Since items of evidence obtained by an illegal search and seizure were introduced at relator’s trial and since it is not clear beyond a reasonable doubt that the error was harmless [cf. Chapman v. California, 386 U.S. 18, 87 S.Ct. 824, 17 L.Ed.2d 705 (1967)] the conviction is constitutionally infirm and relator is entitled to issuance of the writ. Execution of the writ will be stayed, however, for a reasonable period of time to permit the Commonwealth to appeal the grant of the writ or to retry relator without those items of evidence illegally seized.

Relator has also asserted in this petition that the identification by the proprietor of the drug store at the time of his arrest violated due process. Stovall v. Denno, 388 U.S. 293, 87 S.Ct. 1967, 18 L.Ed.2d 1199 (1967). There may be some merit to the contention, see Biggers v. Tennessee, 390 U.S. 404, 88 S.Ct. 979, 19 L.Ed.2d 1267 (1968), but since this issue has never been presented to the state courts, and since it may be so presented in the event of retrial, it will not be necessary to consider that ground here.

The court expresses its appreciation to Gilbert M. Cantor, Esquire, who, in the highest traditions of the Bar, has conscientiously represented relator in the proceedings before this court without remuneration.

. No. 382, Court of Quarter Sessions, March Sessions 1963, County of Philadelphia. He was also convicted on charges of assault and battery, conspiracy and carrying a concealed deadly weapon, Nos. 381, 384 and 385. Sentence was suspended. See Commonwealth v. Duff, 414 Pa. 471, 200 A.2d 773 (1964).

. The ballistics report indicated that the pistol was the one used in the robbery.
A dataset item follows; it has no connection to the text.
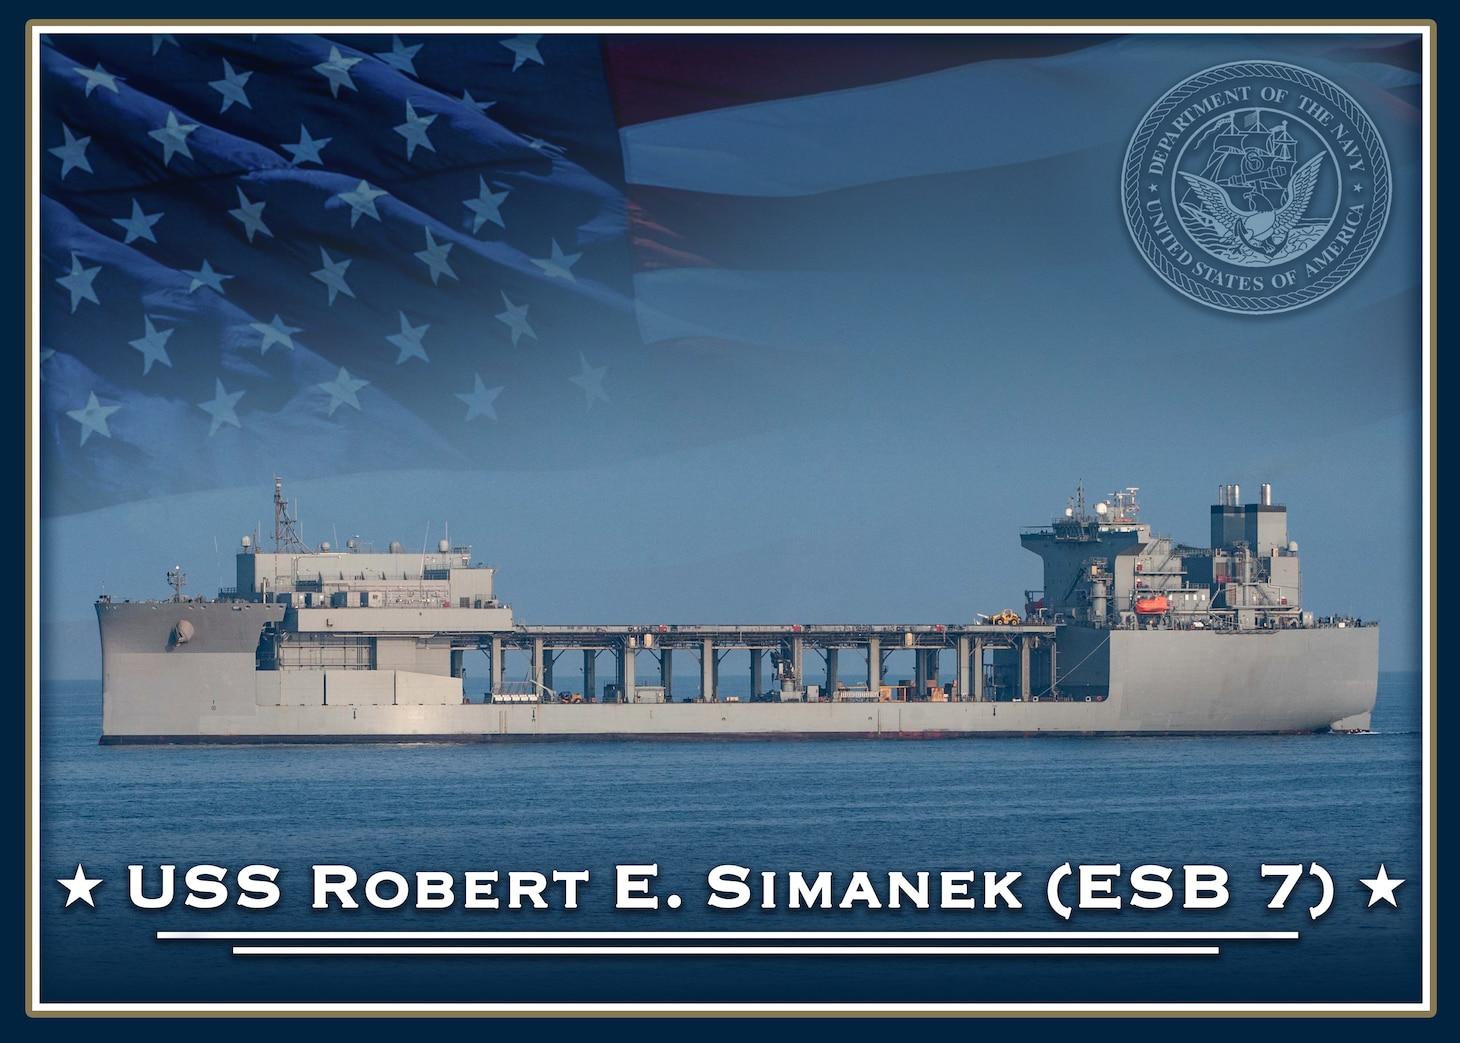 The future expeditionary sea base USS Robert E. Simanek (ESB 7).

. The proprietor testified that two youths entered his store, neither' of whom was wearing an iridescent raincoat or pork pie liat.

. Relator initially challenged the search as unlawful because it was not incidental to *1264a valid arrest. In his petition under the Pennsylvania Post-Conviction Hearing Act (PCHA), 19 P.S. § 1180-1 et seq., relator alleged that the stop and frisk was illegal, but was denied relief in the state courts because the trial judge in 1965 had found the search valid as incidental to a valid arrest.

. From Officer (now Captain) Penko’s testimony, it appears that he was not present at the time Richardson was stopped and searched. Penko’s testimony shed no light on Meehan’s state of mind.